Task description
Below this line is a listing that includes pictures. Copy exactly, and only, the lines from the one containing "Rustic Gluten-Free Cornbread |" through the one containing "A famous place"; the pictures do not go in the copy.

[Raw data — start]

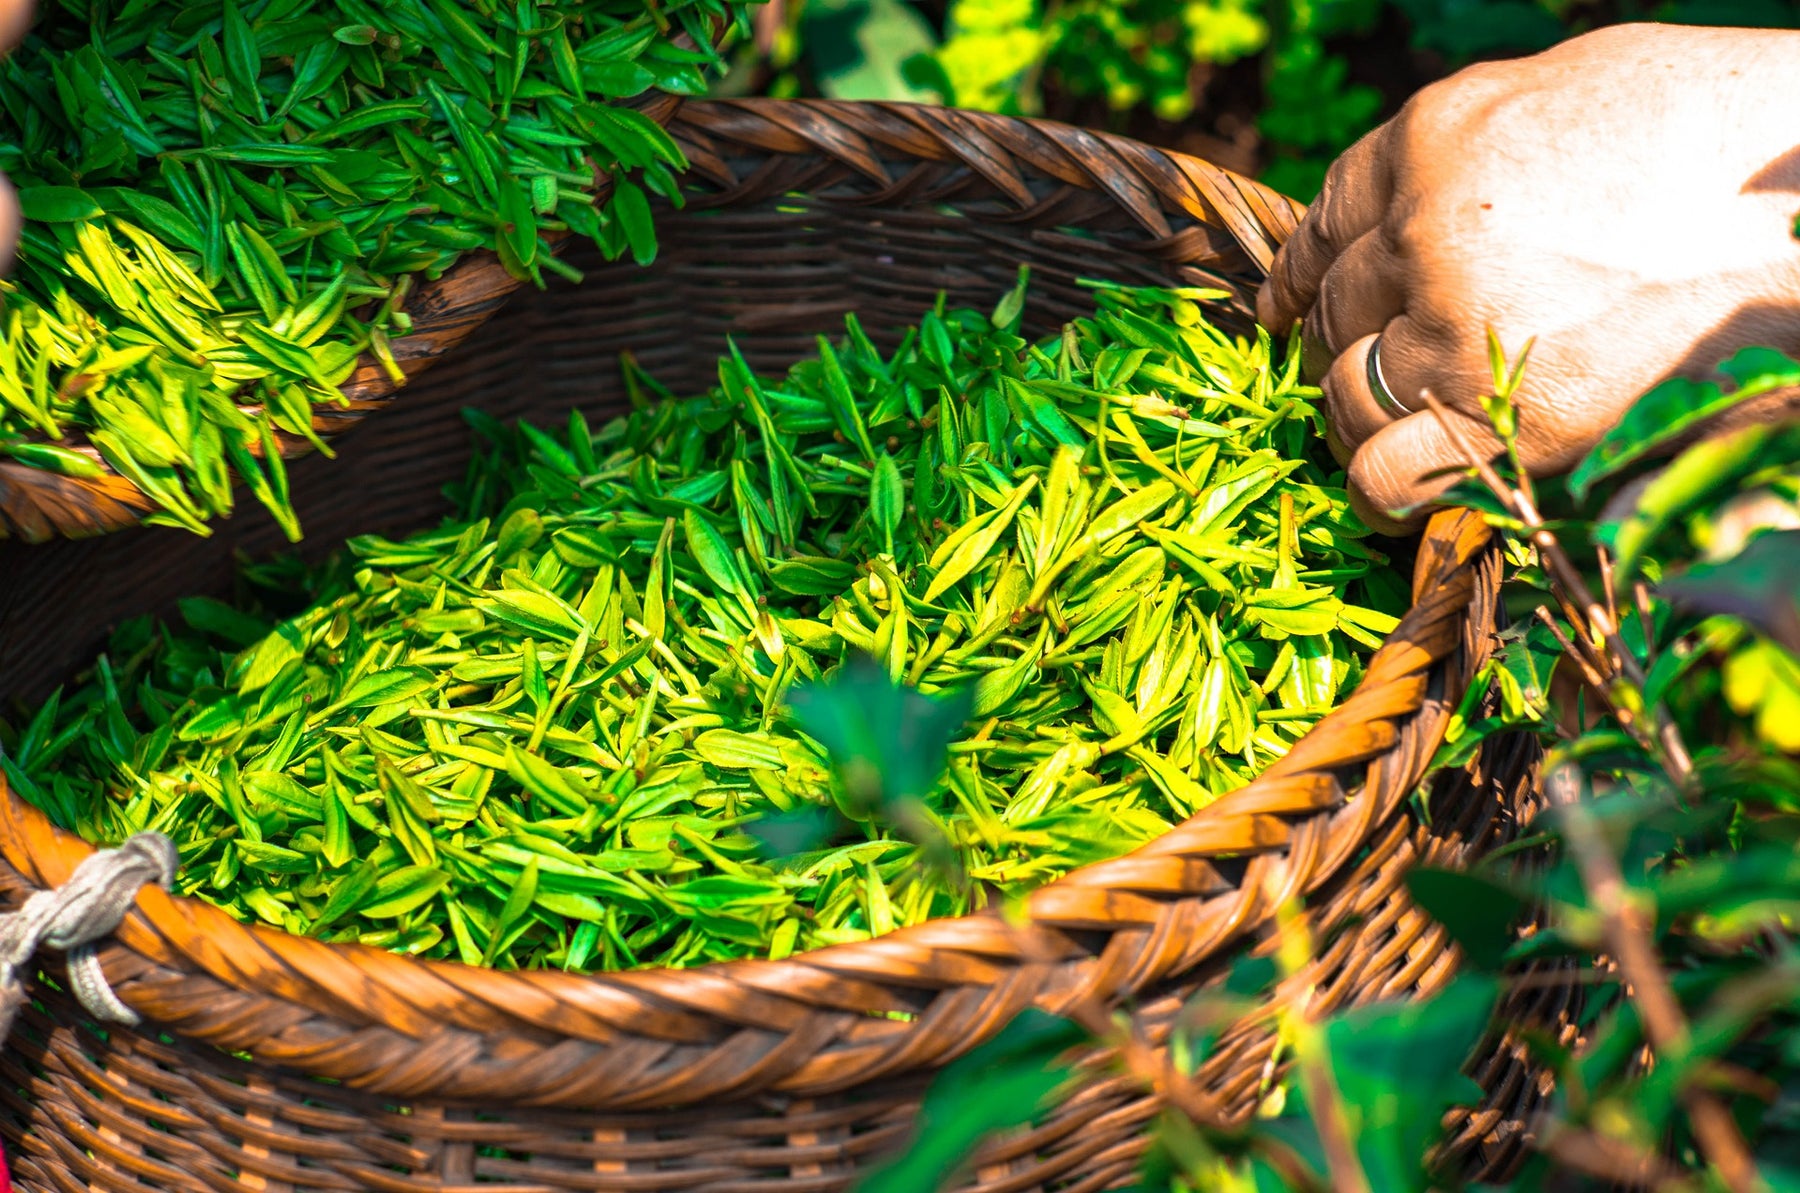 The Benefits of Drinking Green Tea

[Raw data — finish]
[Raw data — start]

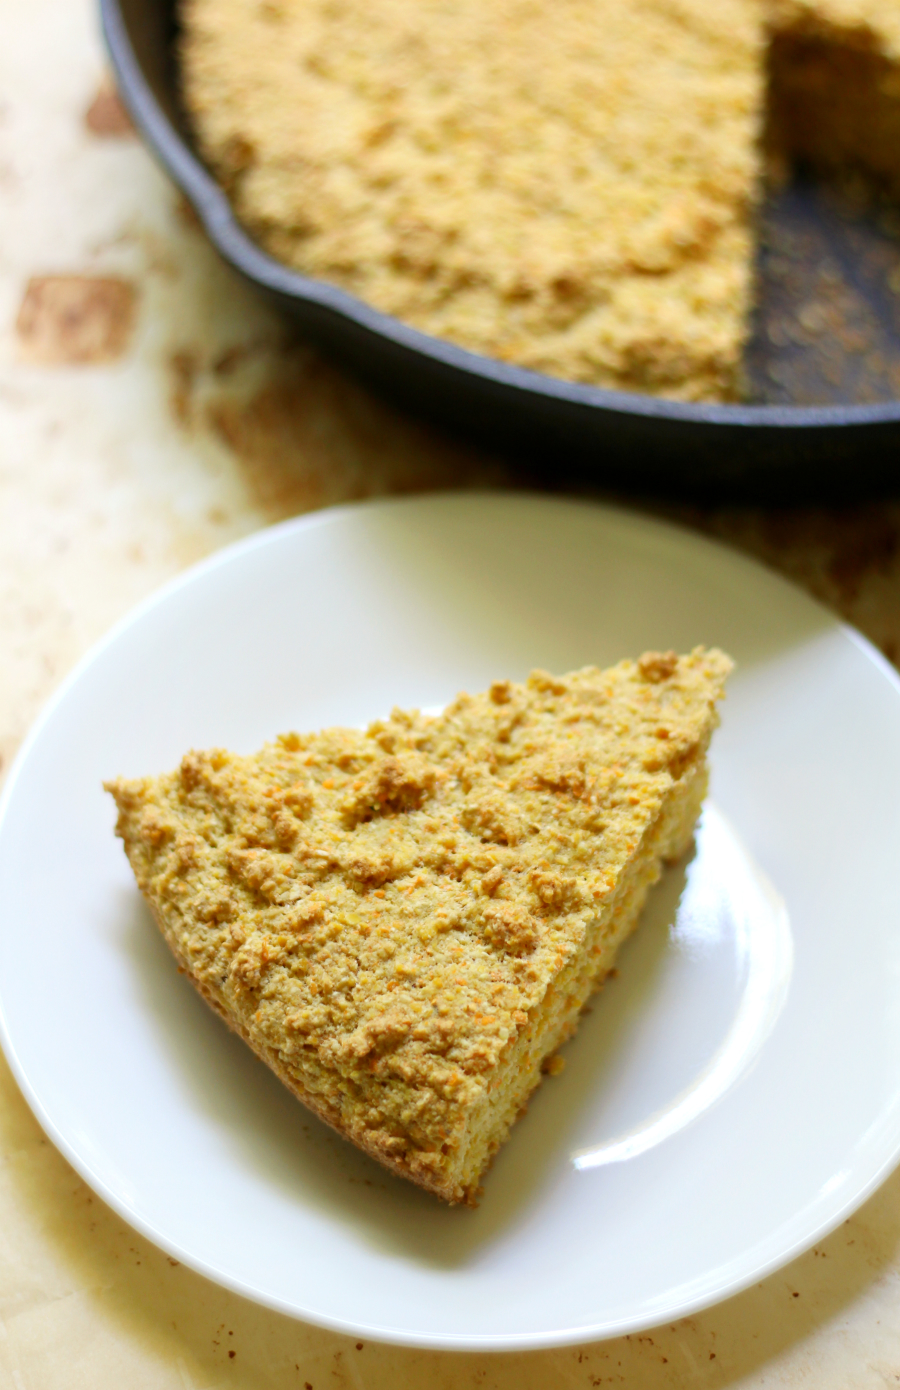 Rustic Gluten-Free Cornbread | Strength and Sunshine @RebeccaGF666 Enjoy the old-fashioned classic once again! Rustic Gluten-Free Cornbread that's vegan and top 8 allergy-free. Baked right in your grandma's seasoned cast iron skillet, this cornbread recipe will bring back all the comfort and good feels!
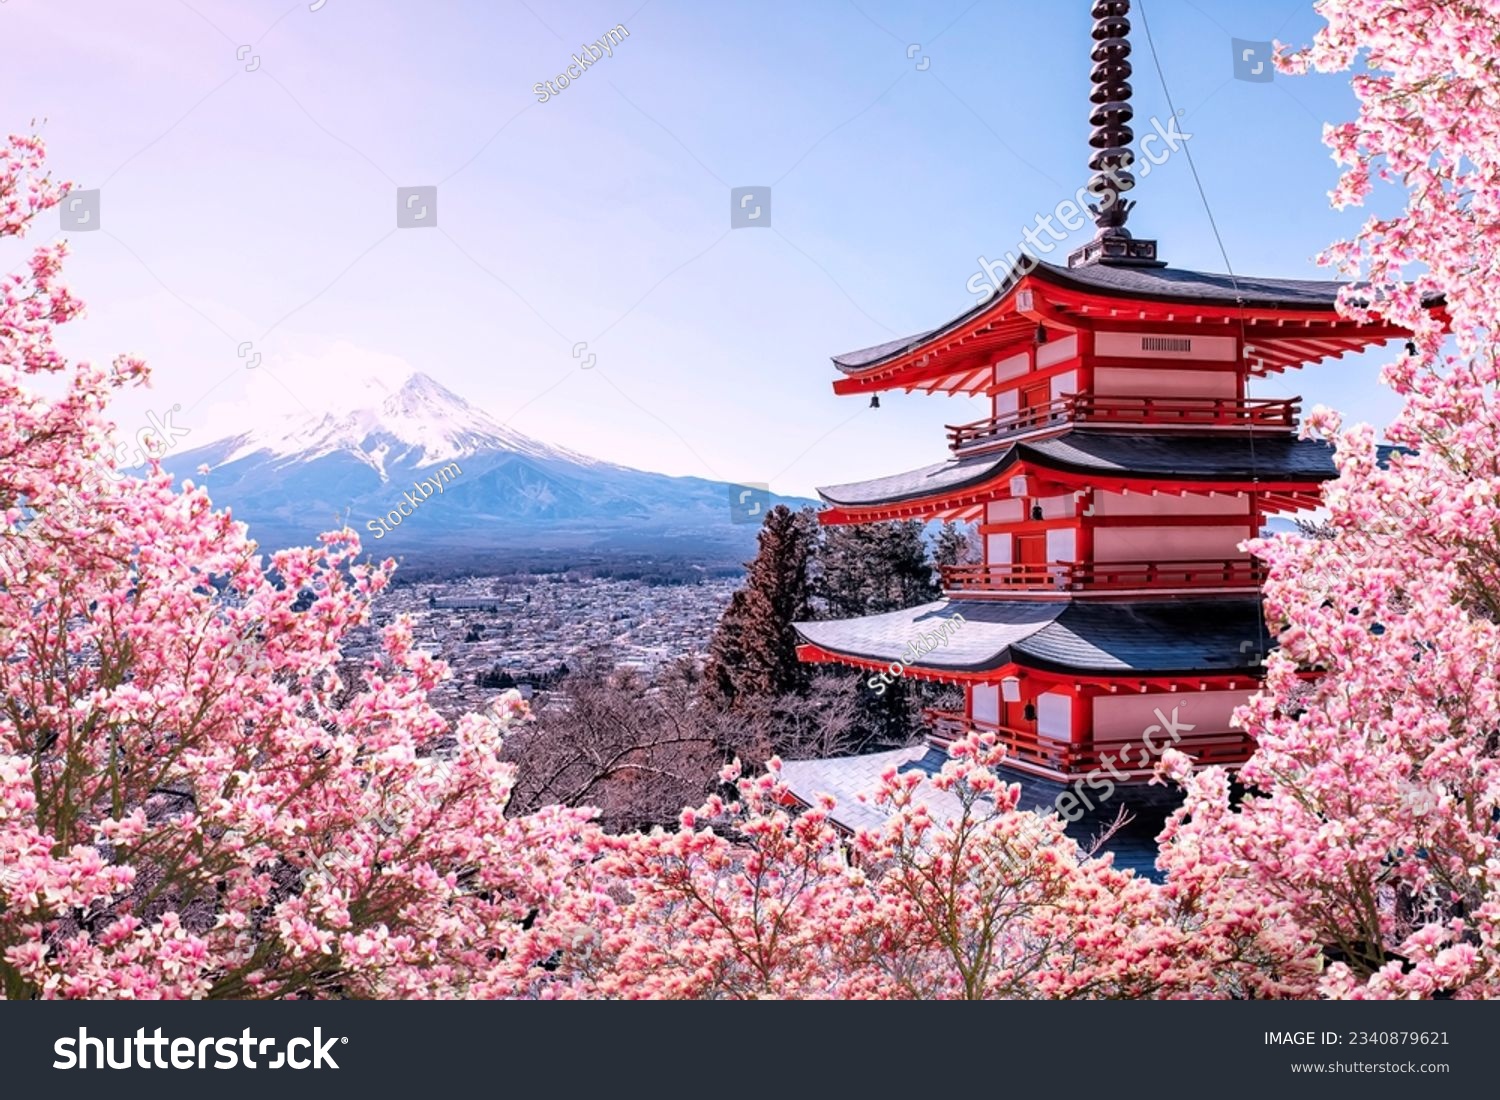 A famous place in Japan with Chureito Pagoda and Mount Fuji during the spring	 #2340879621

[Raw data — finish]

The answer
 Rustic Gluten-Free Cornbread | Strength and Sunshine @RebeccaGF666 Enjoy the old-fashioned classic once again! Rustic Gluten-Free Cornbread that's vegan and top 8 allergy-free. Baked right in your grandma's seasoned cast iron skillet, this cornbread recipe will bring back all the comfort and good feels!
 A famous place in Japan with Chureito Pagoda and Mount Fuji during the spring	 #2340879621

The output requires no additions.